Records provided -
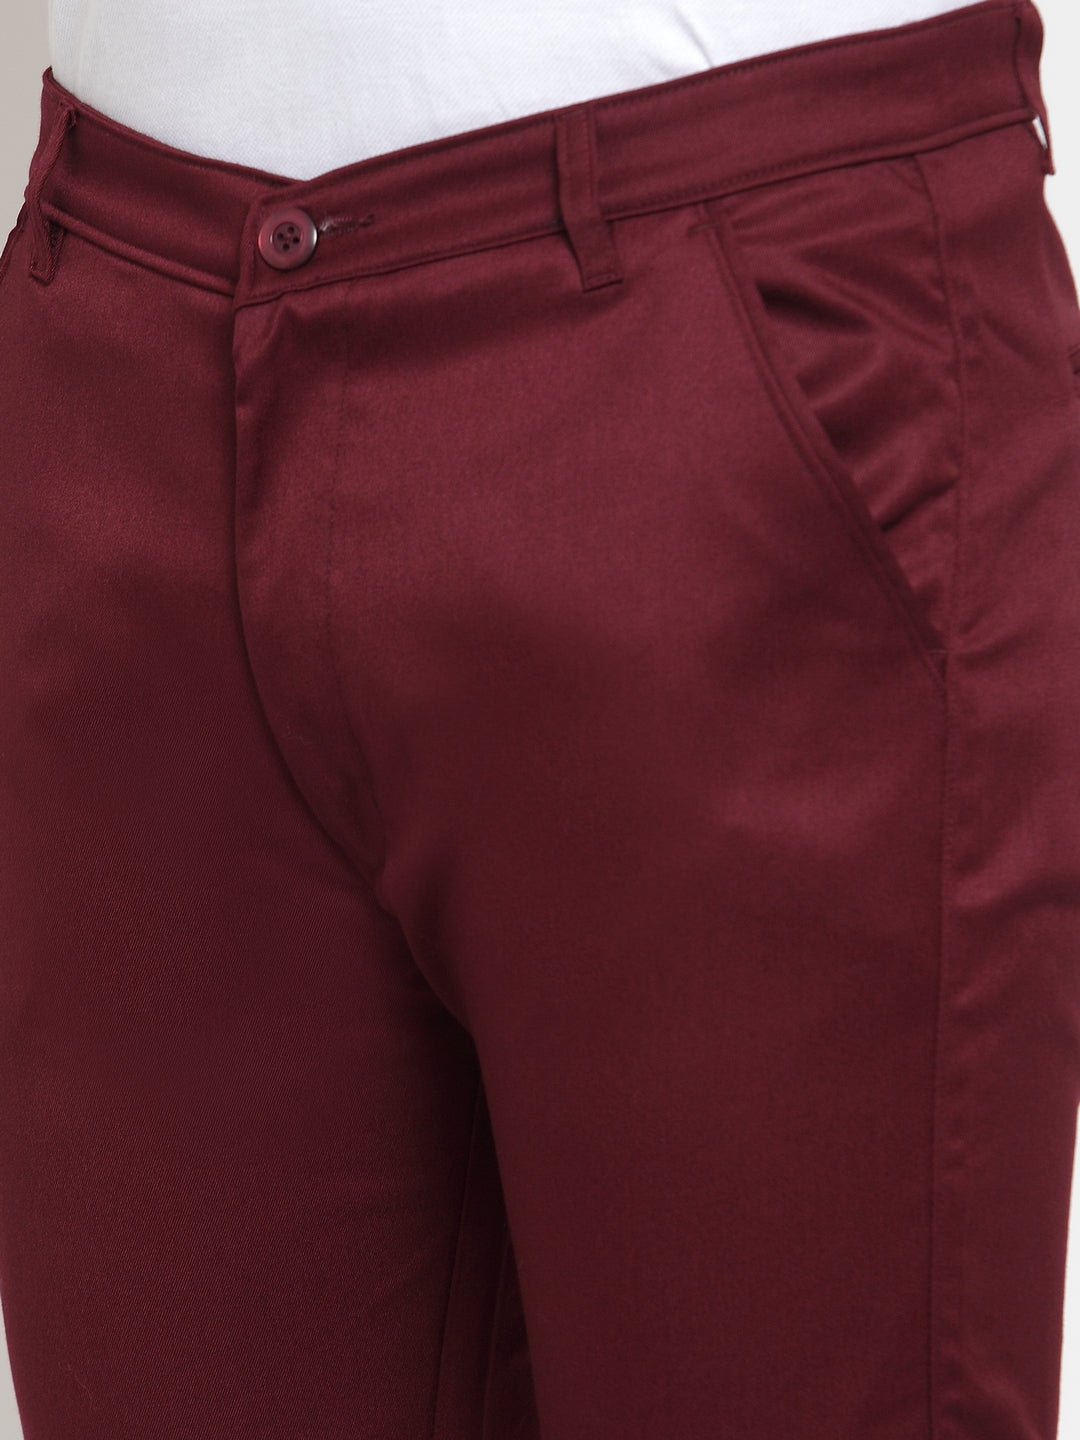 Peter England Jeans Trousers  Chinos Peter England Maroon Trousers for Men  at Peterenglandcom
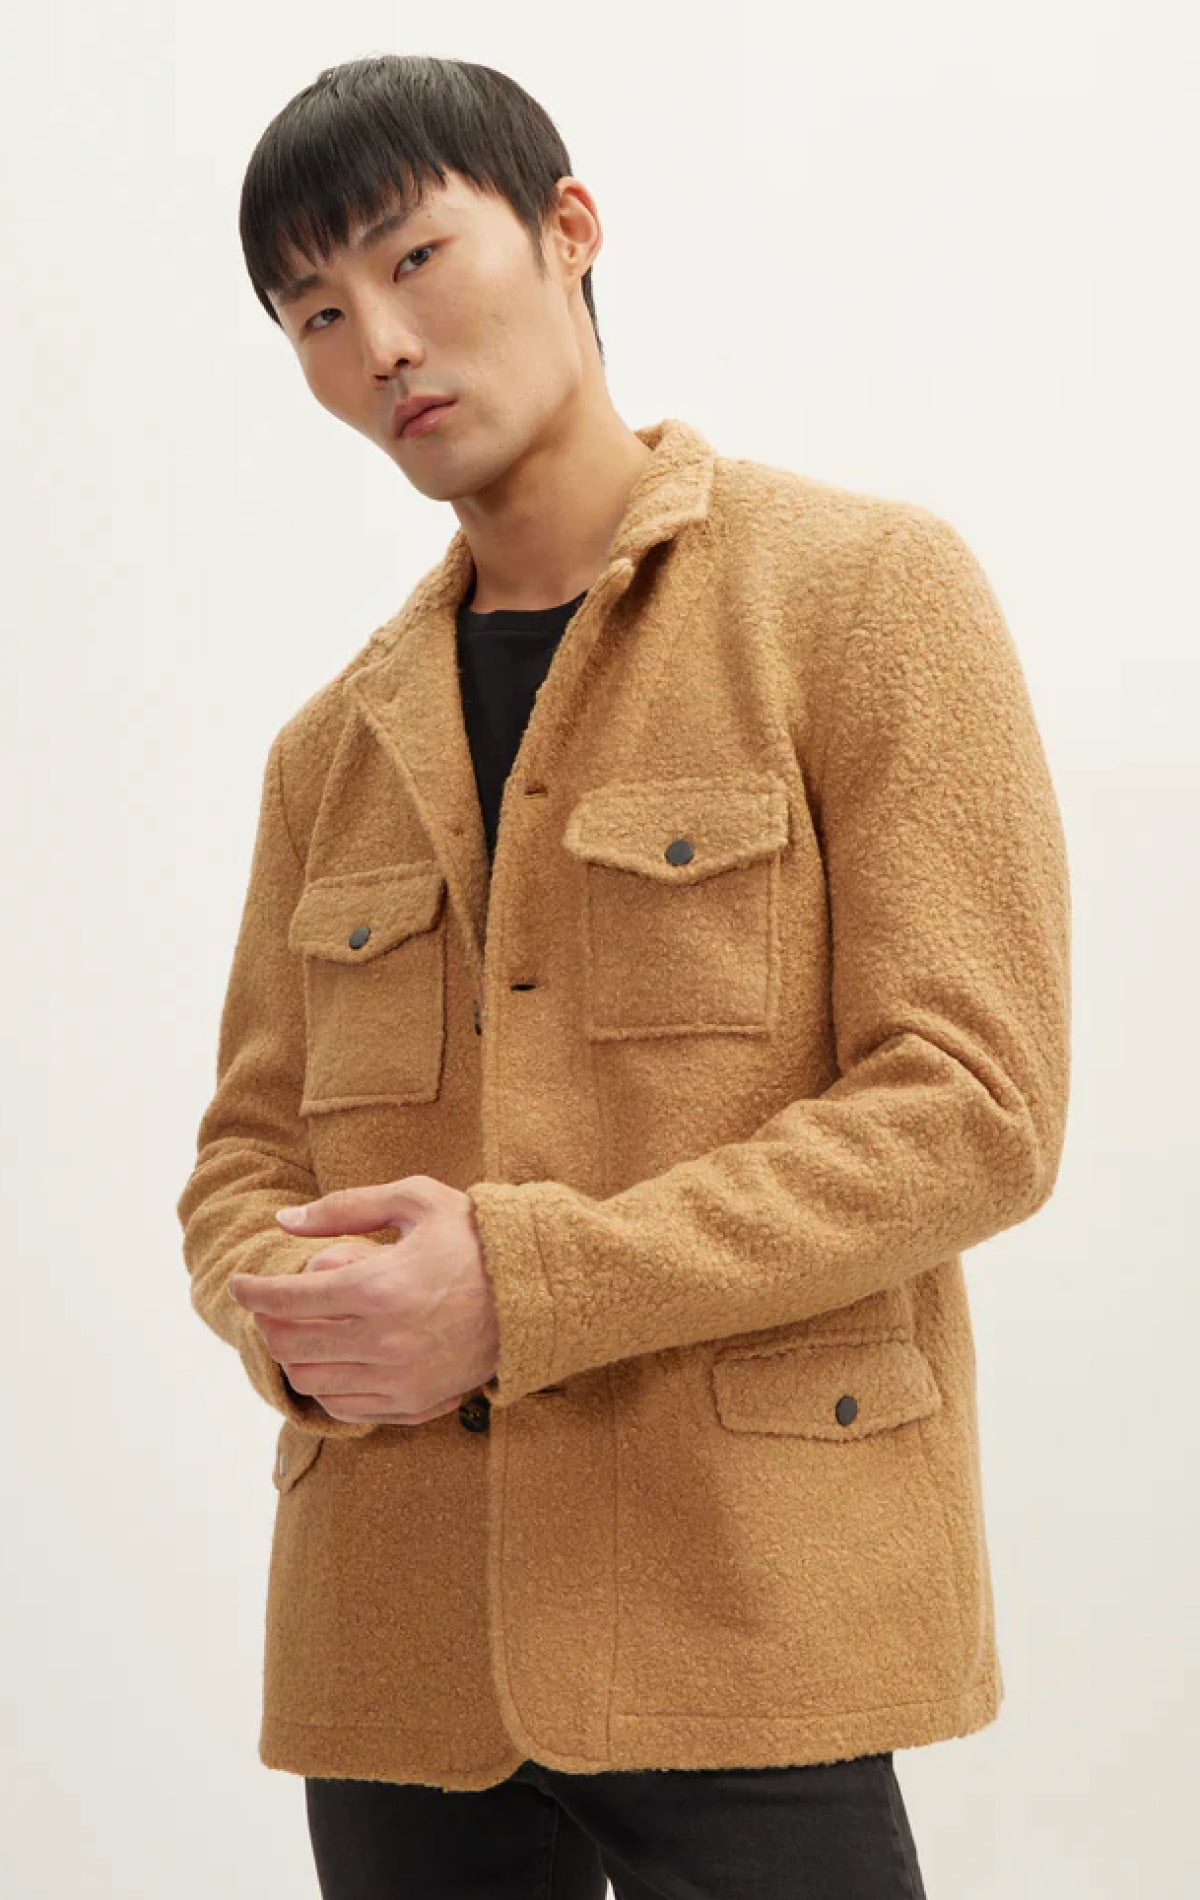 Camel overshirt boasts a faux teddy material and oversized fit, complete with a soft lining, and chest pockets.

--

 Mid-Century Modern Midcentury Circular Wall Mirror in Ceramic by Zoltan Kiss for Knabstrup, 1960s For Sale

...

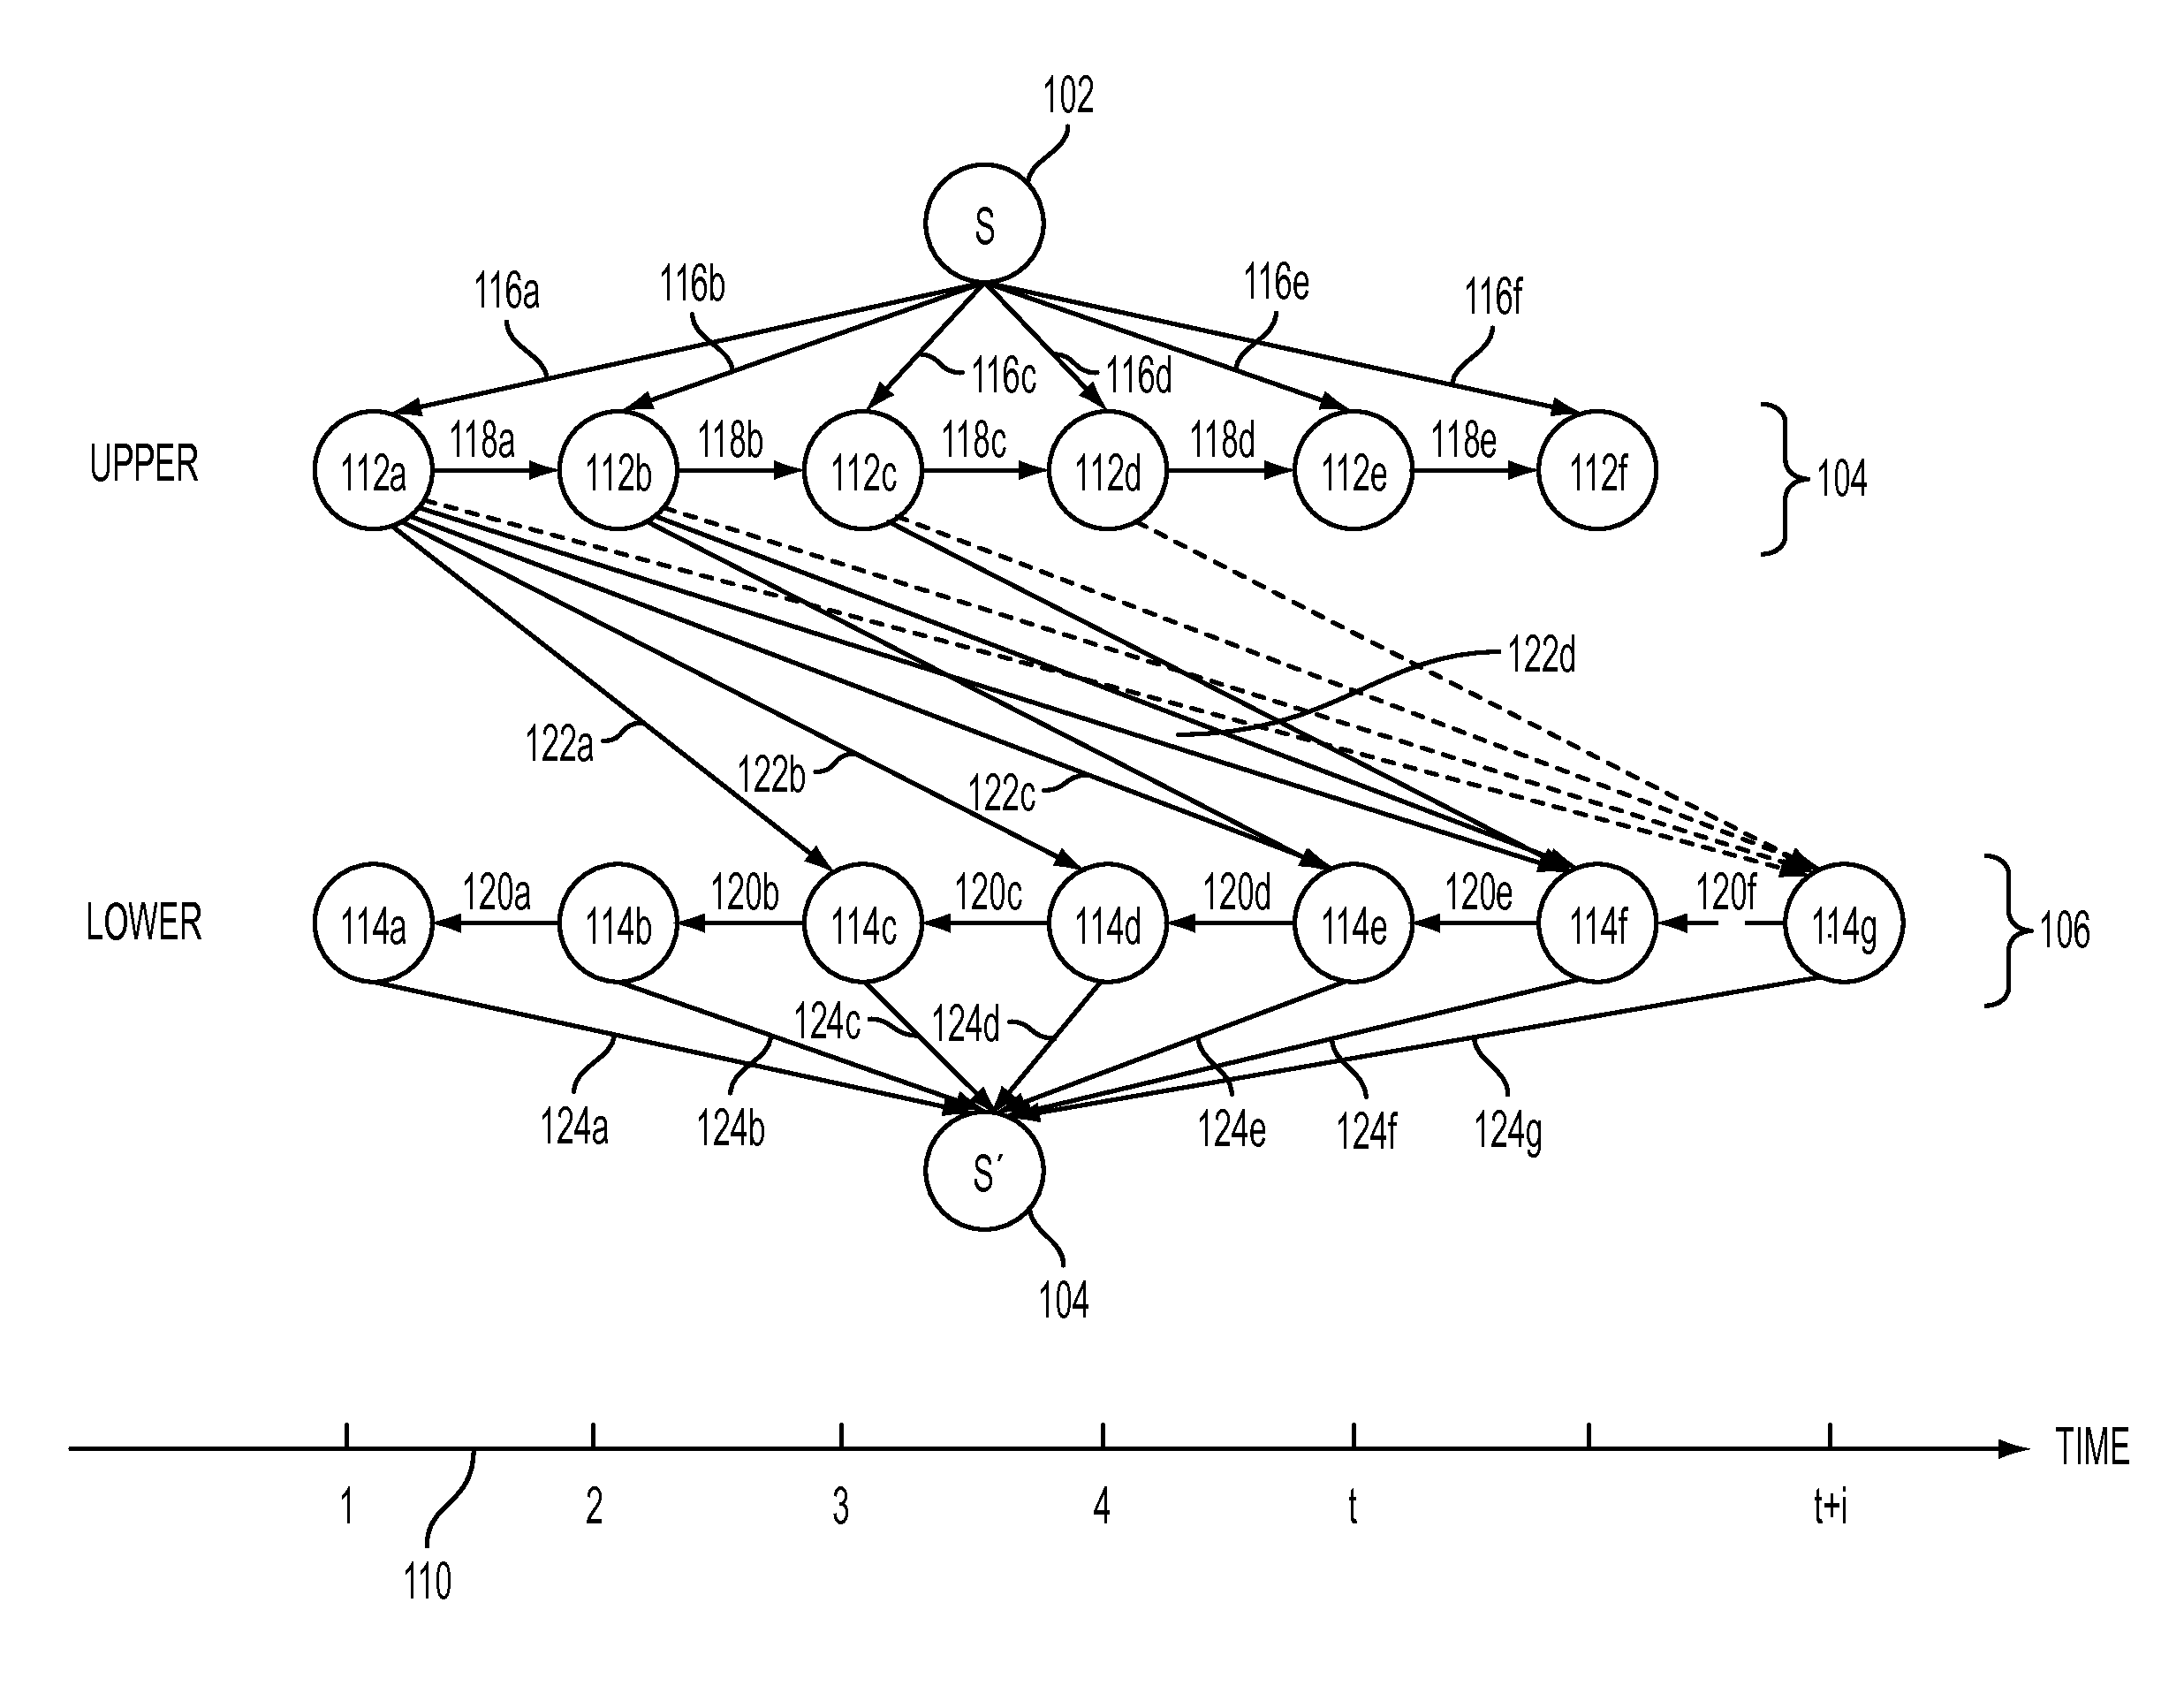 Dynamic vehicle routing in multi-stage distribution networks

Directions - Leaving all pictures out, output exactly the lines of the material above from the line with "Peter England Jeans" to the line with "Camel overshirt boasts", both included.

Finished task -
 Peter England Jeans Trousers  Chinos Peter England Maroon Trousers for Men  at Peterenglandcom
 Camel overshirt boasts a faux teddy material and oversized fit, complete with a soft lining, and chest pockets.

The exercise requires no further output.